From Jim Bryant (NAVRING)
LCDR Rik Thompson, USN sent this to me.  This old friend and hunting buddy was a
super supply officer, great ship driver and one of the key officers in my 
wardroom when I commanded GUARDFISH (SSN 612).  As a struggling small business
owner Rik's comment and the story helped put my cash flow worries in a better
perspective.  I hope it helps you.  Jim Bryant  Jbryant@look.net 
http://www.pwcweb.com/manassascab/captjim.html     
    ****************************************
The attached account of an event in the Hanoi Hilton makes our problems today 
seem mighty small in my estimation. Rik Thompson
			Mike's Flag
(Condensed from a speech by Leo K Thorness, recipient of The   
Congressional Medal of Honor. )
You've probably seen the bumper sticker somewhere along the road. It   
depicts an American Flag, accompanied by the words "These colors don't   
run."  I'm always glad to see this, because it reminds me of an incident   
from my confinement in North Vietnam at the Hao Lo POW Camp, or the   
"Hanoi Hilton," as it became known. Then a Major in the U.S. Air Force, I   
had been captured and imprisoned from 1967-1973. Our treatment had been 
frequently brutal.   
 After three years, however, the beatings and torture became less   
frequent.  During the last year, we were allowed outside most days for a   
couple of minutes to bathe.  We showered by drawing water from a concrete   
tank with a homemade bucket.  One day as we all stood by the tank,   
stripped of our clothes, a young Naval pilot named Mike Christian found   
the remnants of a handkerchief in a gutter that ran under the prison   
wall. Mike managed to sneak the grimy rag into our cell and began   
fashioning it into a flag.  Over time we all loaned him a little soap,   
and he spent days cleaning the material.  We helped by scrounging and   
stealing bits and pieces of anything he could use. At night, under his   
mosquito net, Mike worked on the flag. He made red and blue from   
ground-up roof tiles and tiny amounts of ink and painted the colors onto   
the cloth with watery rice glue. Using thread from his own blanket and a   
homemade bamboo needle, he sewed on stars.  

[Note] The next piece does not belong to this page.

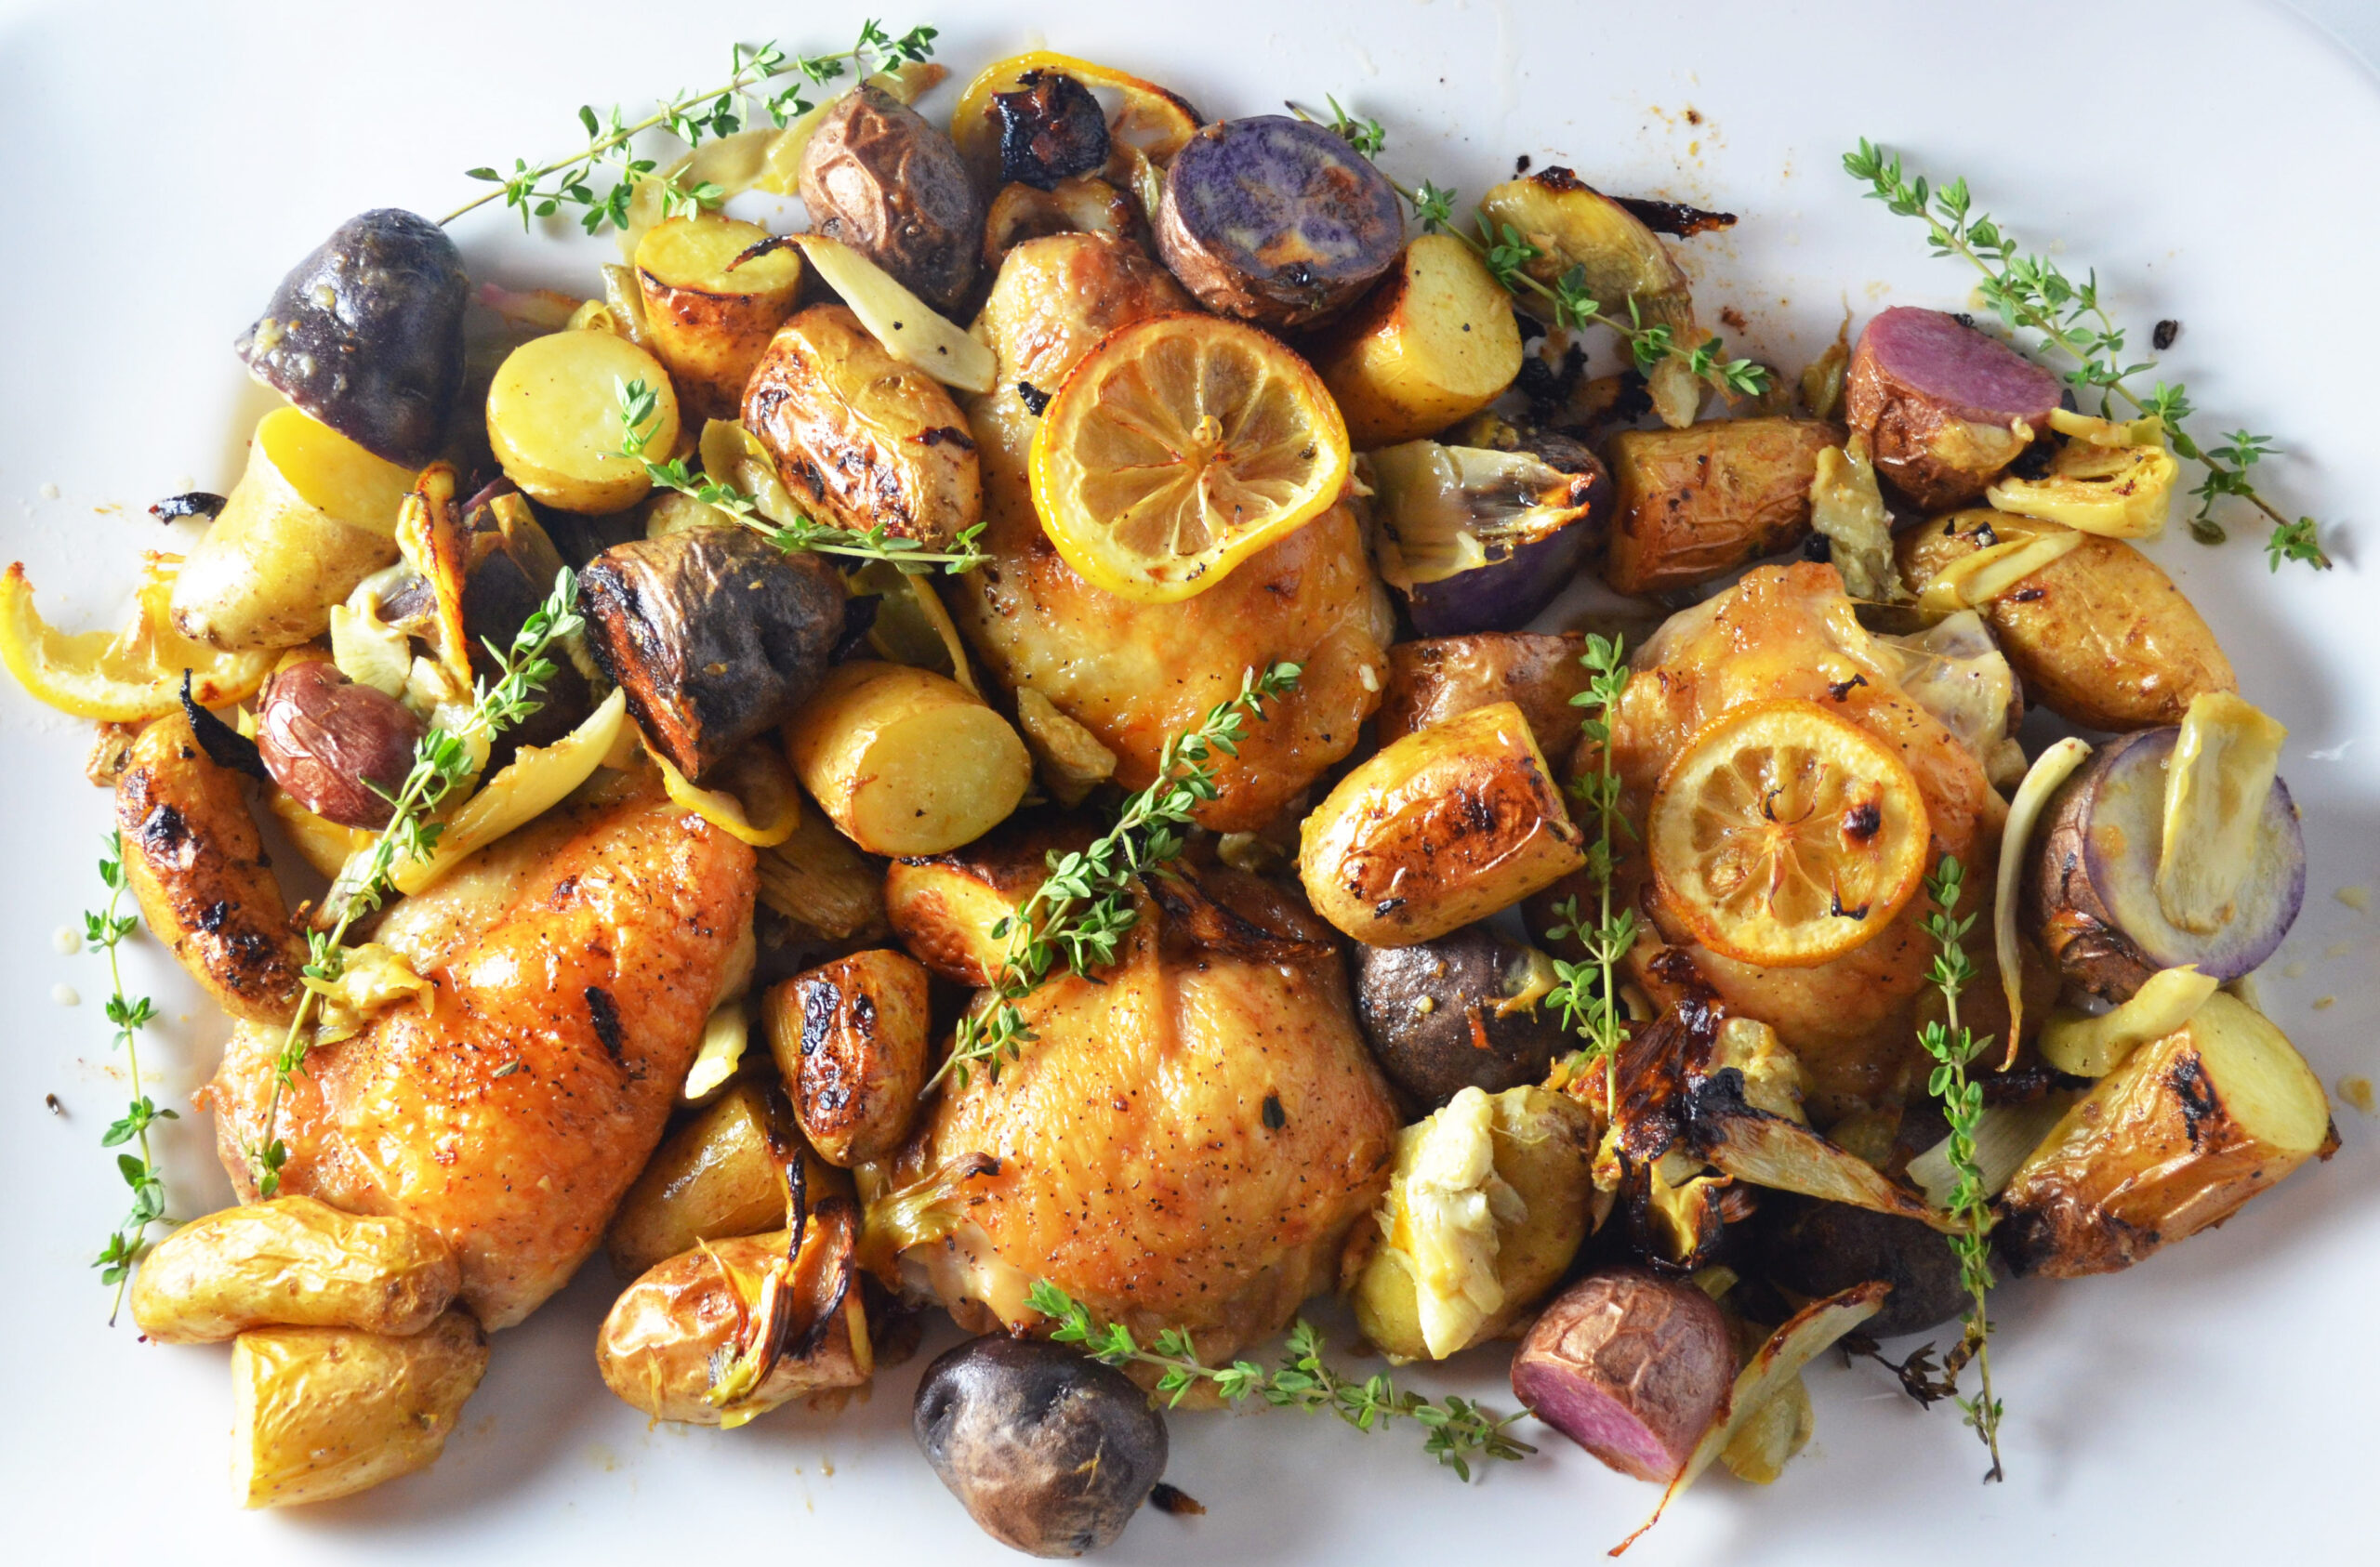 https://www.simplesweetsavory.com/wp-content/uploads/2014/09/Lemon-Roasted-Chicken-with-Fennel-Artichokes-and-Potatoes1-scaled.jpg

Early in the morning a few days later, when the guards were not alert, 
he whispered loudly from the back of our cell, "Hey gang, look here." He
proudly held up this tattered piece of cloth, waving it as if in a   
breeze.  If you used your imagination, you could tell it was supposed to   
be an American flag.  When he raised that smudgy fabric, we automatically   
stood straight and saluted, our chests puffing out, and more than a few   
eyes had tears.  About once a week the guards would strip us, run us   
outside and go through our clothing. During one of those shakedowns, they   
found Mike's flag. We all knew what would happen.  That night they came   
for him. Night  interrogations were always the worst.  They opened the   
cell door and pulled Mike out. We could hear the beginning of the torture   
before they even had him in the torture cell. They beat him most of the   
night. About daylight they pushed what was left of him back
through the cell door.  He was badly broken; even his voice was gone.   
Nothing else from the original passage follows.